Maybe we’re no different from those docile cheep in their tiny stalls. Maybe we are merely sheep who are kept in line by being raised to believe that the walls of the stall are the limits of reality, and that makes the thought of life outside these limitations unthinkable. Perhaps our cacophony of options is there to convince us that we are free, when in reality, our lives are as limited and proscribed as that of your average battery hen.

So what would you say if I told you that you are not free?
Would you violently disagree?
Get mad at me? Would you laugh me away and say “Of course I’m free!”?
But how do you know, besides having been told you are free?
Would you just ignore me until my disturbing thoughts and words had faded from your short term memory?
No more to see?
And why is free the thing to be?
Must the caged bird wallow in its misery?
Maybe the happily unfree
Could teach a thing or two to you and me.
What use is being free if it doesn’t make you happy?
What about safety?
How about sanity?
Or even privacy?
Is saying we are not free the ultimate in heresy?
What does it really mean to be free?

That was weird.

We think that freedom means the right to choose, but who gets to decide what choices we have? I mean, sure, we have existential freedom – the freedom to choose from the menu. But who writes the menu?

And yet we think ourselves free because the menu is so big.

And who is more free… the rich or the poor? The rich can afford to do many things we would love to do but lack the means to do so. Their menu makes ours look like a pamphlet. And we like to think – in fact, are forced by society to think – that this must mean they are happier than us.

And God help them if they should suggest otherwise.

But are they truly more free? No matter how rich they are, they can’t actually make themselves any smarter. They can’t rewrite their basic personality. They can’t make people love them or respect them. They can’t force their peers to approve of them. They can’t make the love of their life love them back.

So they have plenty of options… except when it comes to the things that really matter.

Perhaps we are as free as we decide to be. That’s not necessarily a bad thing. A lack of options is only a problem when you need more of them. If you are happy with the menu of your life because it has everything you want on it, who’s to say there is anything wrong with that? Should you demand more options just to prove what a “normal”, freedom-loving citizen you are?

And if so, how free is that?

That’s right, I should mention conformity. No matter how free a society is on the governmental level, we will always have to deal with the pressure to conform. To blend in with the others.
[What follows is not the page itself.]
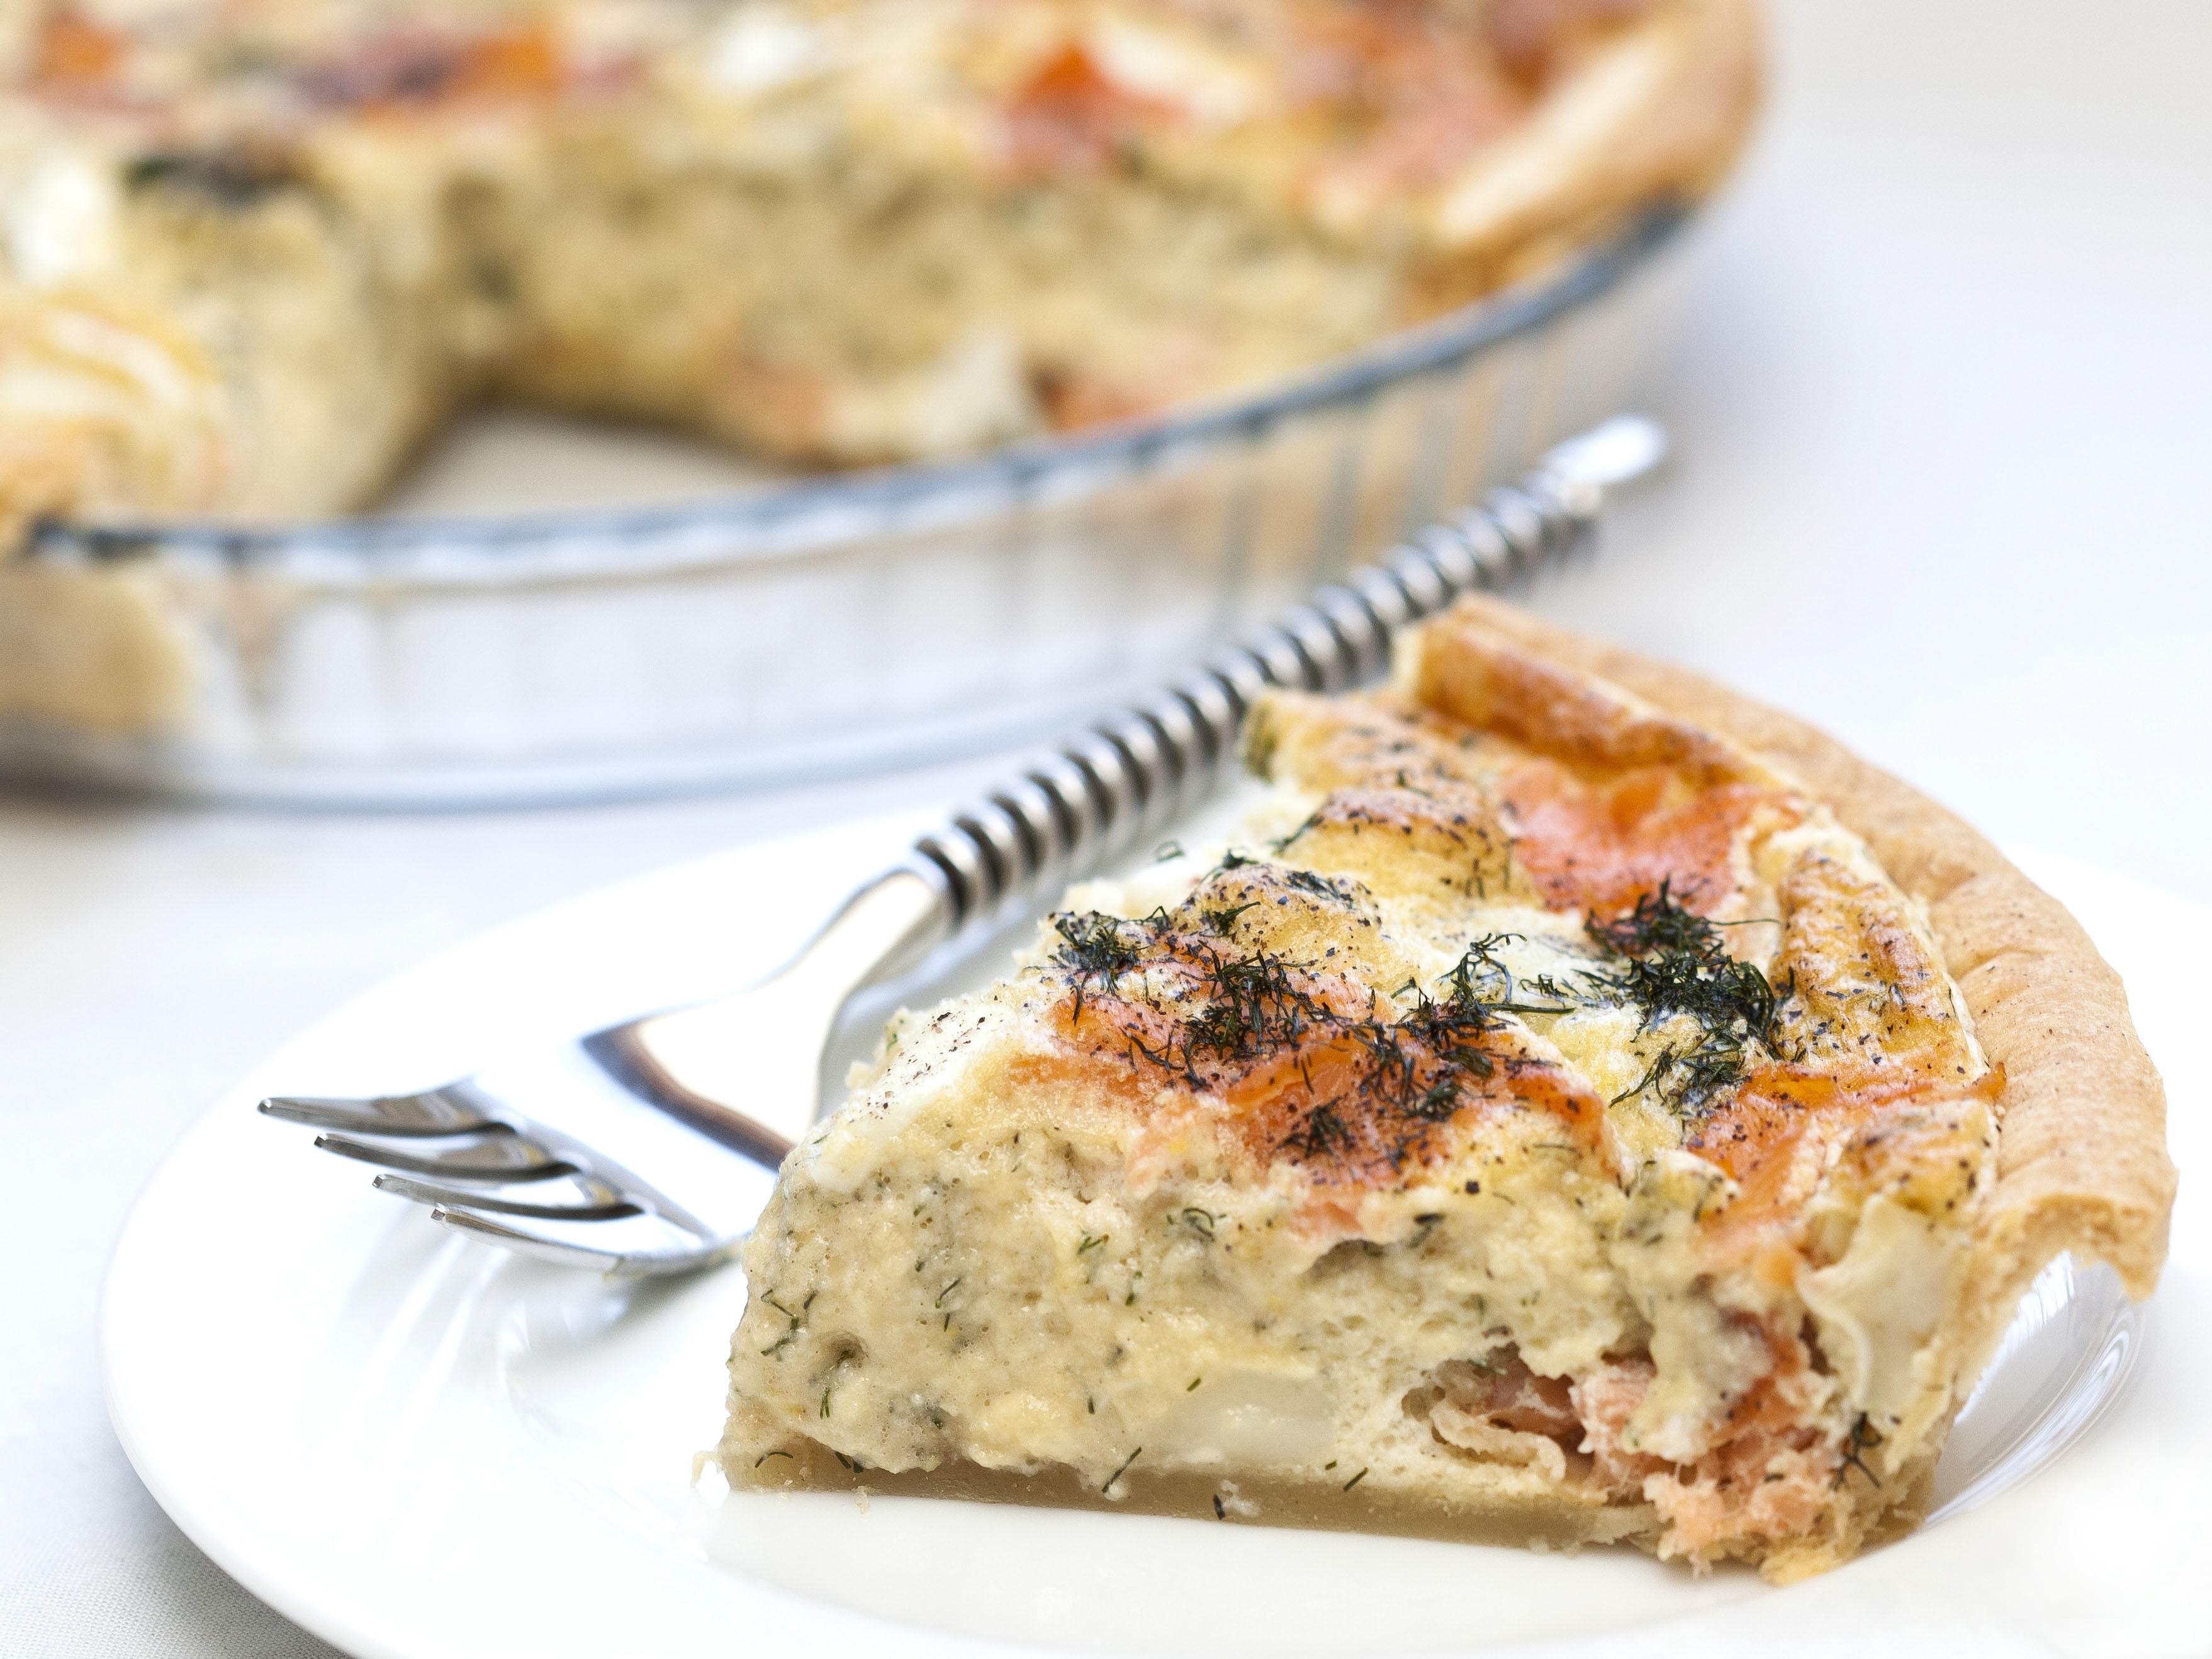 Smoked Salmon & Goat's Cheese Souffle Tart | Susan Orr Photography

Even as society becomes more tolerant over time and the less supportable all overt enforcement of conformity becomes, people’s lives will always be subject to the desire to fit in with one’s peer group.
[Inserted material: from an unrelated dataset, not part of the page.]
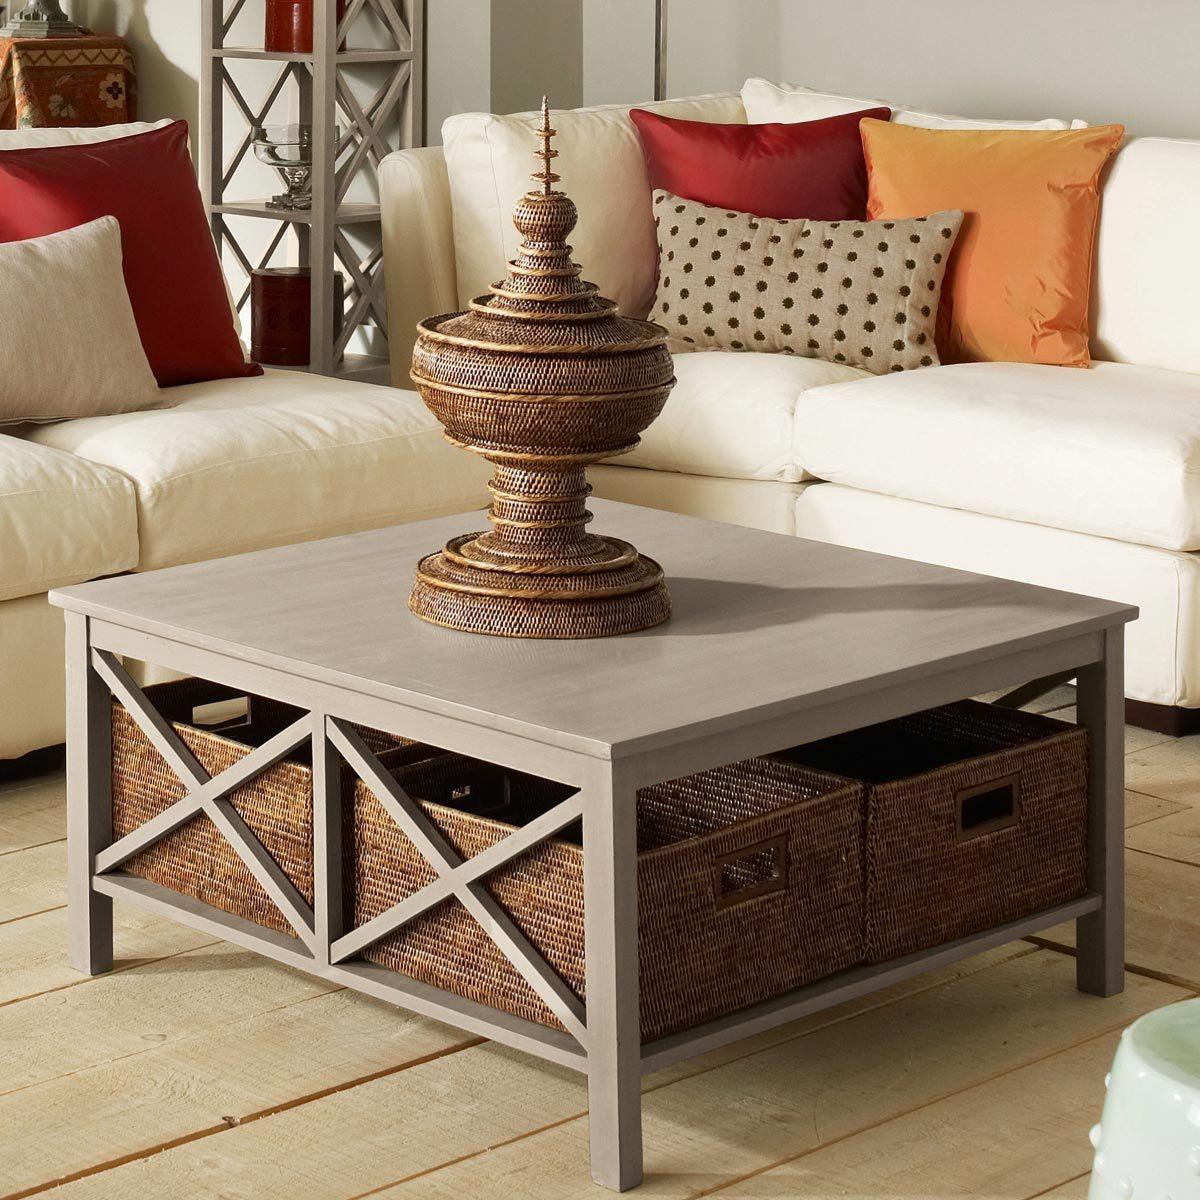 Park Art My WordPress Blog_Wood Block Coffee Table With Storage

In theory, every one of us is free to dress up in rubber chickens and spackle and speak only by screaming in Morse code…. but few people do, and when they do, we judge them insane and lock them up. That is the ultimate in conformity enforcement – act too weird and we “take you away”.

Here’s the real tricky question, and I will tell you right now that I don’t have an answer : if we are not free, but we wish to be, what would more freedom even look like? How would a freer society differ from what we have now?
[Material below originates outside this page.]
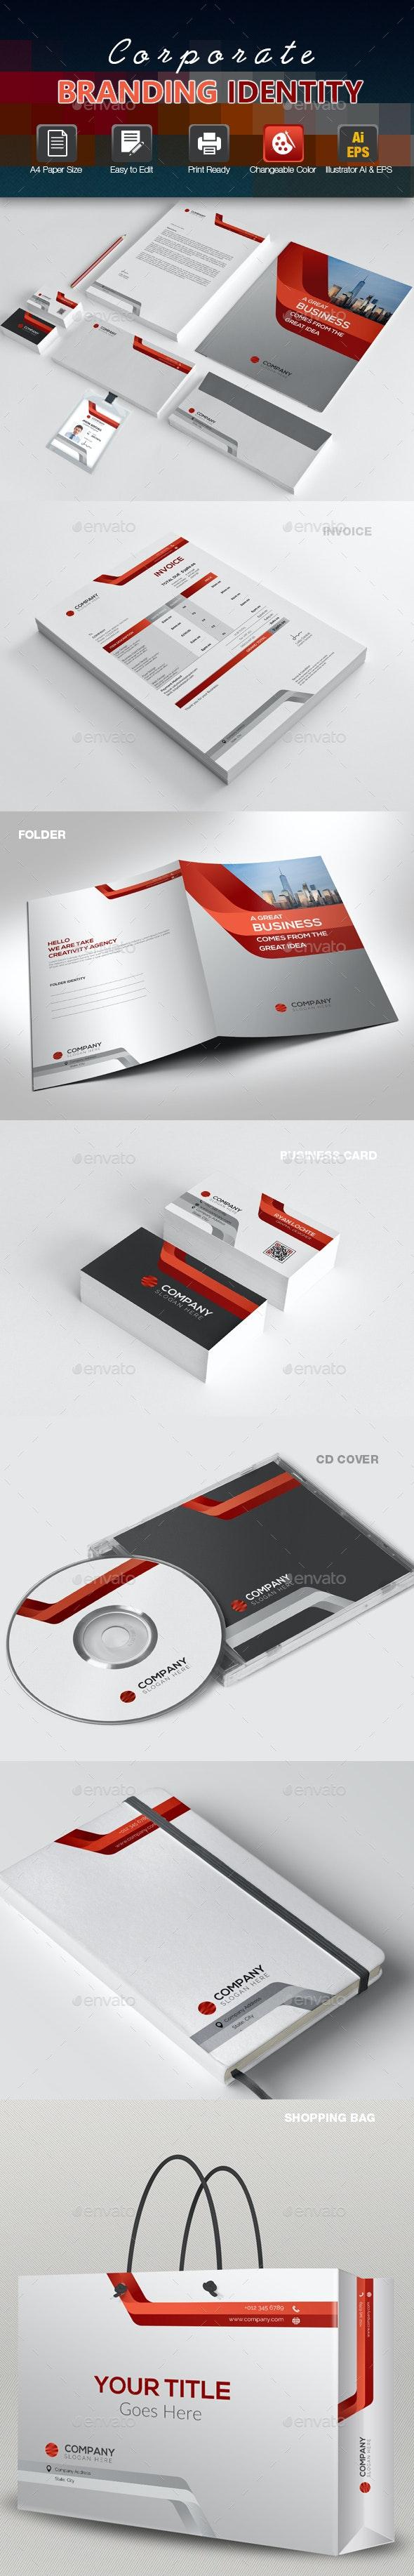 Corporate Branding Identity - Stationery Print Templates

Even in my own libertarian paradise – where drugs, gambling, prostitution, public nudity and most forms of pornography are legal, and children are taught about their bodies and (eventually) sexuality without shame or judgment, and the people vote on bills directly instead of electing “representatives”…. even in this wonderful world, would we truly be free?

I honestly don’t know.

But solutions come from asking the right questions.

And I feel like I have asked the right ones tonight.

Of course, you are free to disagree.

I will talk to you nice people again tomorrow.